The Last Train Home
Weißt du noch, Bruder, als wir uns das letzte Mal sahen? Es war in dem Zug nach Hause gewesen. Ich erinnere mich noch, dass du mir zugewunken hast, als du einige Stationen vorher ausgestiegen warst, um deinen Freund zu besuchen. Das letzte, was ich von dir sah, war dein Rücken, als du dich von mir abgewandt hattest und zur Tür hinausgingst und mich allein inmitten der anderen Fahrgäste hast sitzen lassen.
Der Grund für unsere Auseinandersetzung war unsere Familie gewesen. Irgendwie war sie der Auslöser aller Streite gewesen, nicht wahr? Wir hatten telefoniert, und ich hatte dir vorgeworfen, was für ein kaltes Herz du doch hattest. Aber wie hattest du dich auch so verhalten können? Wie konntest du uns zurücklassen? Waren wir zu aufdringlich gewesen? Das tut mir leid. Ich weiß, dass meine Persönlichkeit nicht die beste ist. Aber weißt du. . . zu diesem Zeitpunkt sprach ich nicht nur für mich. Ich sprach für die Person, der du den Kontakt zu dir verweigert hast. Ist dein Leben jetzt besser als vorher, bevor du uns die kalte Schulter gezeigt hattest?
Lange Zeit hatte ich um dich geweint. Du fehlst mir, das verleugne ich nicht. Du fehlst mir mehr als zunächst erwartet. Jahre lang gab ich mir selbst die Schuld an dem ganzen Chaos. Ich degradierte alles an mir, was nicht dir entsprach - und, nun ja, das war ja so gut wie alles an mir. Aussehen, Talente, Fähigkeiten, Interessen, nichts von mir ähnelte dir, und das nahm mir Tag für Tag meinen Mut. Du wurdest zum Abbild der Perfektion für mich, und leider konnte ich an dieses nicht herankommen. Du warst zu weit entfernt, als dass ich dich je hätte erreichen können.
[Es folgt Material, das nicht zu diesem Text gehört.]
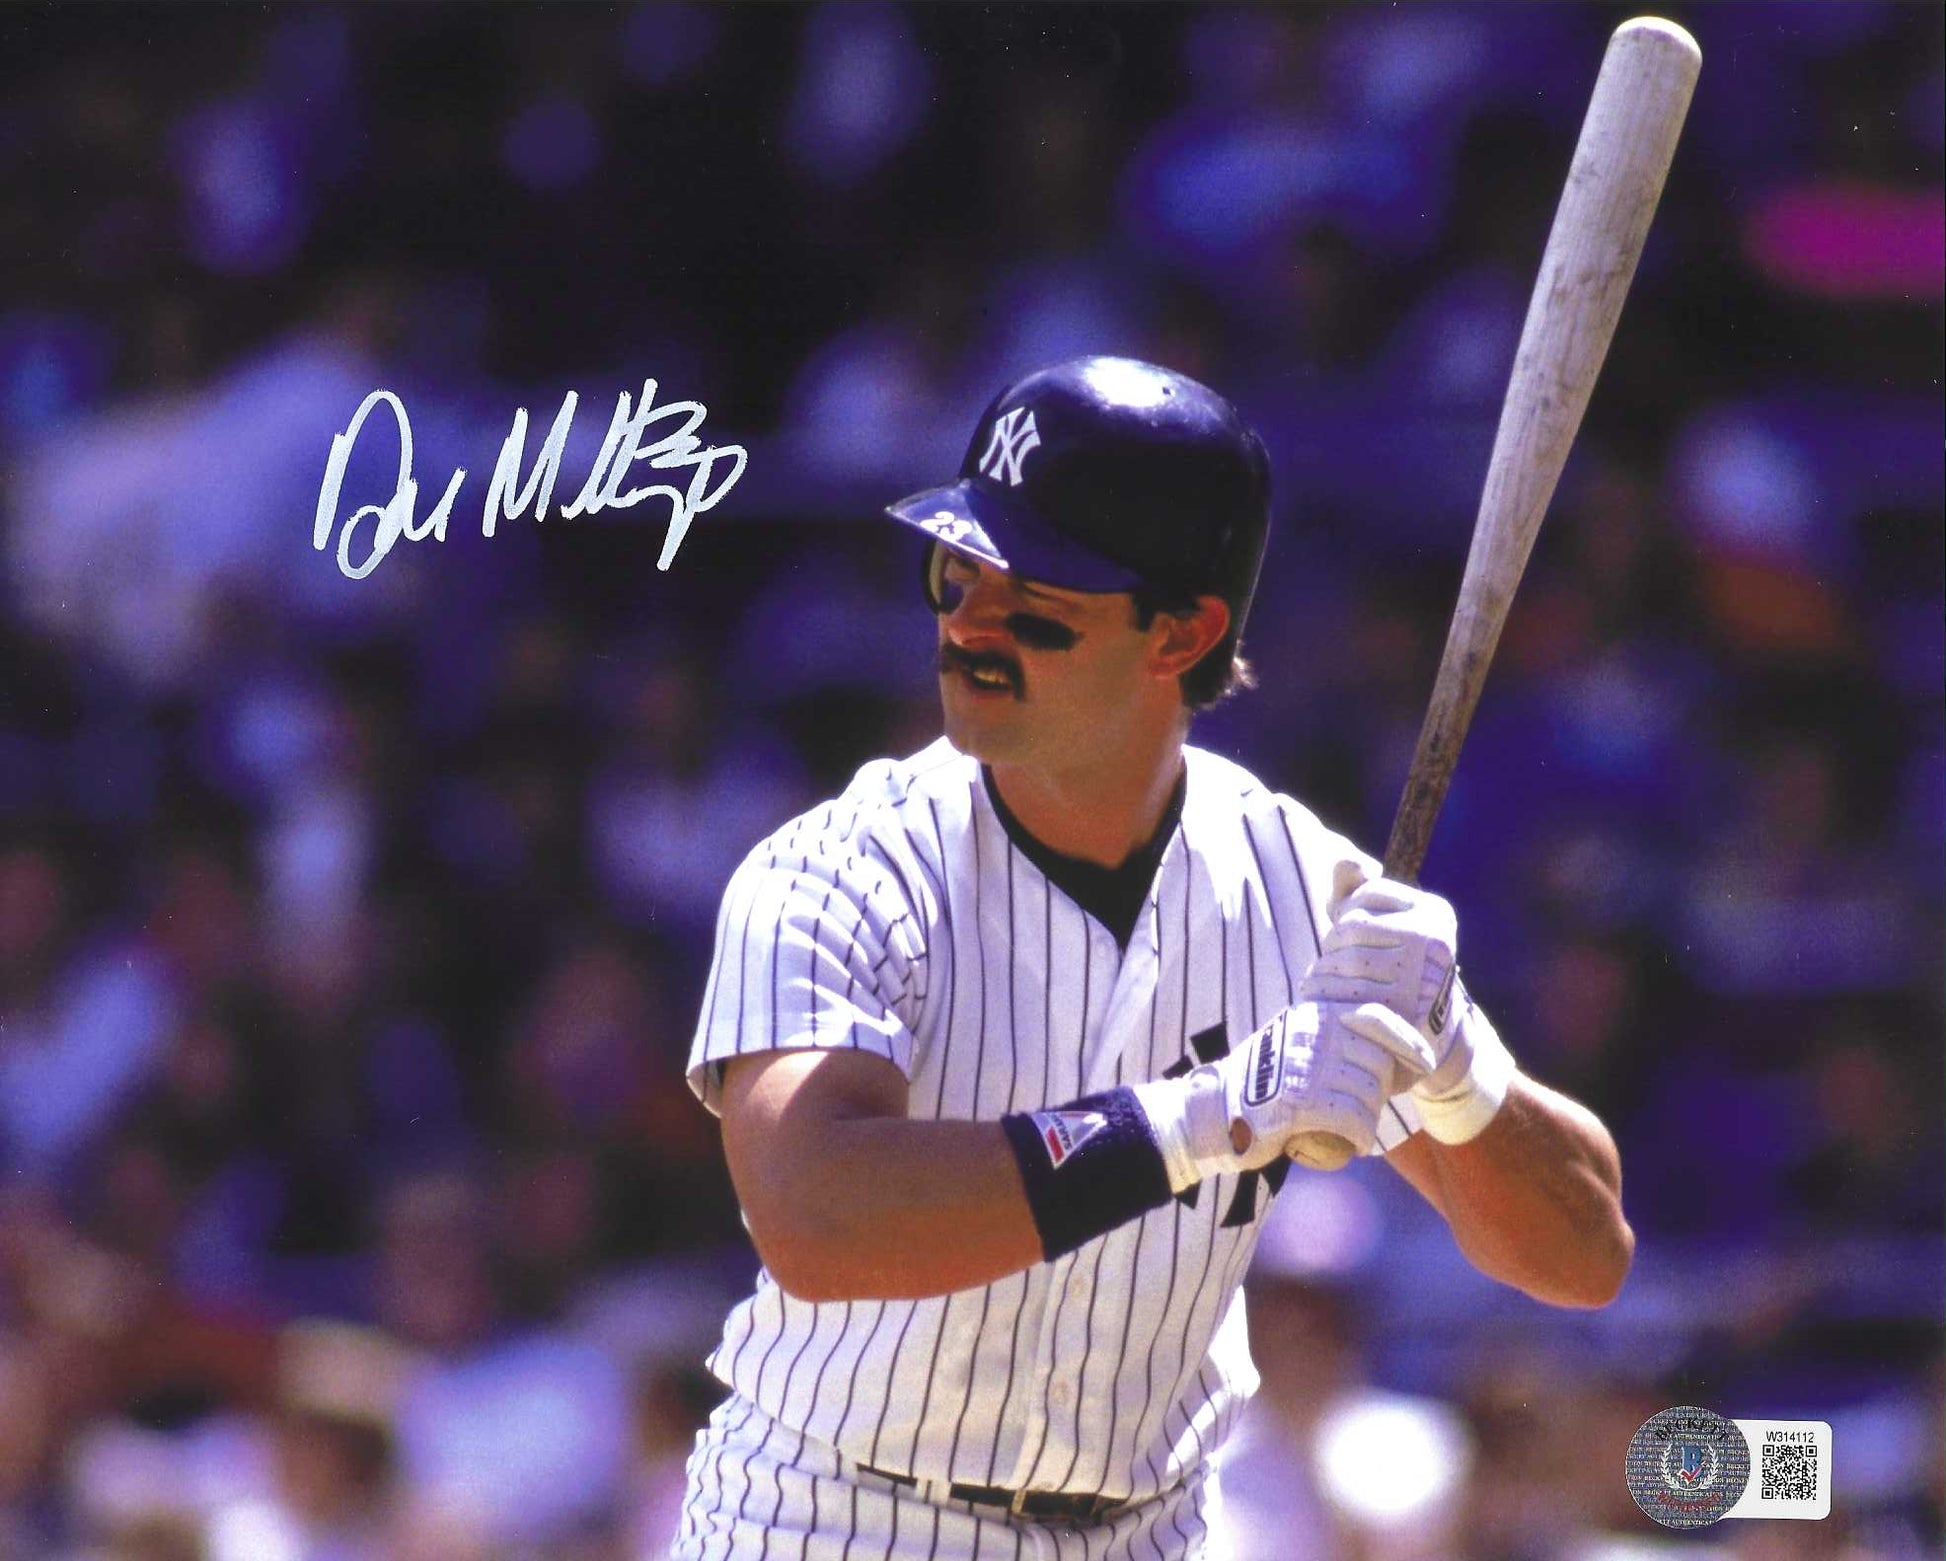 New York Yankees Don Mattingly "Donnie Baseball" Autographed 8x10 Photo Picture Becketts Certified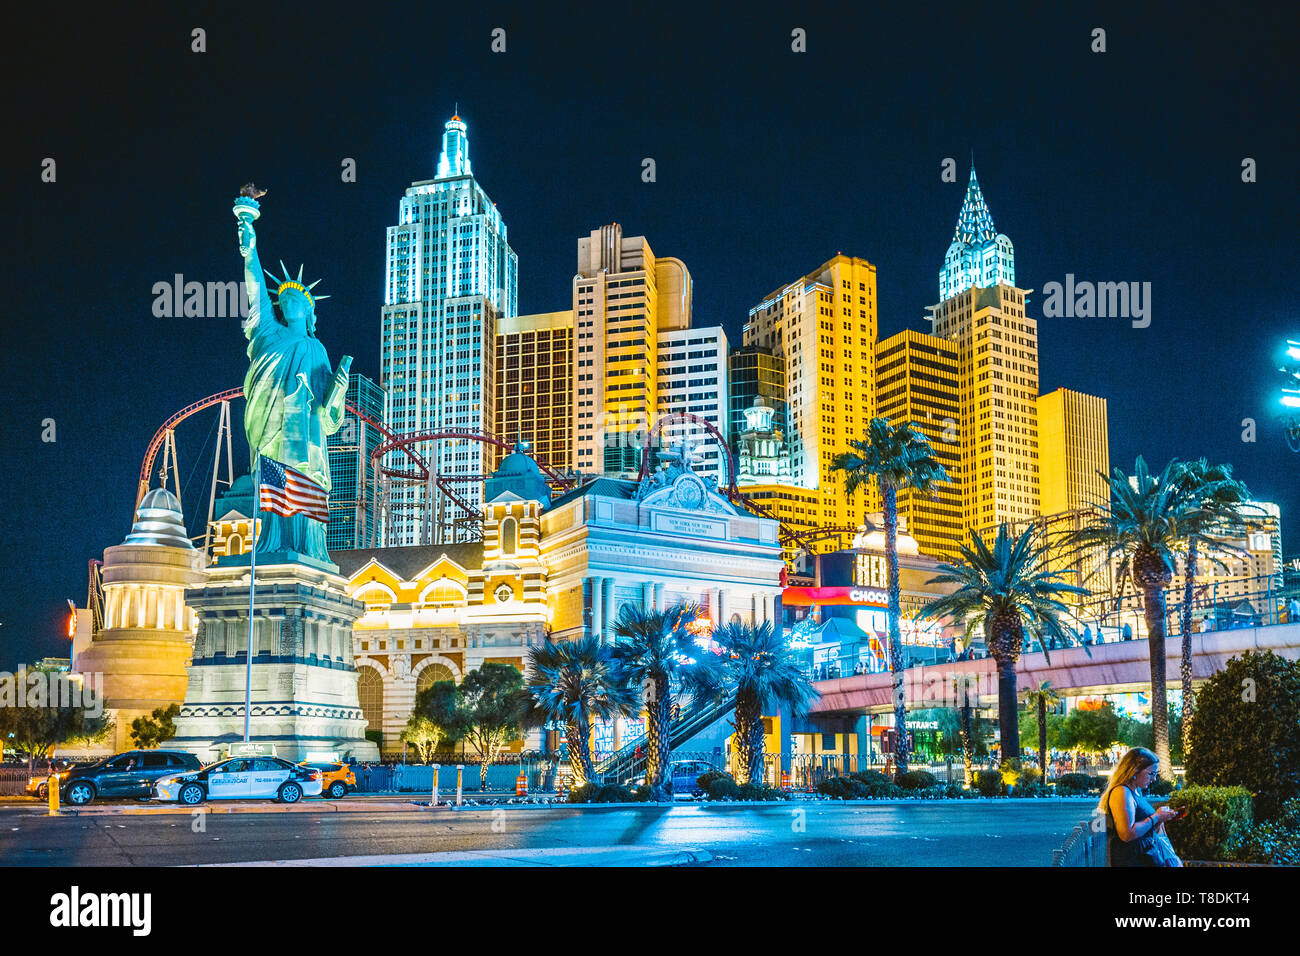 LAS VEGAS, USA - September 20, 2016: Colorful Downtown Las Vegas with world famous Strip and New York New York hotel and casino complex illuminated be Stock Photo

In dieser Zeit hatte ich eine tiefsitzende Angst entwickelt. Ich hatte Angst vor Menschen. Vor ihren Reaktionen auf mich. Auf alles an mir. Immer wenn ich zu Leuten sprach, fragte ich mich, wie du gesprochen hättest, wie sie stattdessen auf dich reagiert hätten, ob sie dich lieber als mich gehabt hätten. Du warst schon immer beliebt gewesen, warst mit den guten Genen der Familie gesegnet, ordentlich, klug und hast immer gut auf dich selbst geachtet. Du wusstest, wie man sich selbst inszeniert, wie man mit Menschen umgehen musste, welche Worte sie dazu bewegen konnten, genau das zu tun, was du von ihnen wolltest. Das wusste ich nicht, und mit der Zeit verlor ich meine Stimme. Warum? Ich kam mir so vor, als würde ich den Leuten nur eine Last sein, die sie mit ihrer Stimme und ihrer bloßen Präsenz belästigte. Du warst alles, was ich nicht war, aber unbedingt sein wollte. Du hattest alles, was ich nicht hatte, aber unbedingt haben wollte. Es tut mir leid, dass ich nicht an deine Erwartungen herankommen konnte.
Aber so sehr ich diesen einen Tag vor langer Zeit auch bedauere, ich werde dir niemals recht geben, Bruder. Diesmal hast du kein recht. Dieses eine Mal bist du derjenige, der falsch liegt, und dieses eine Mal bin ich diejenige, die gewinnen wird.
Siehst du den Zug dort, Bruder? Es ist derselbe wie damals, aber heute werde ich als erste aussteigen.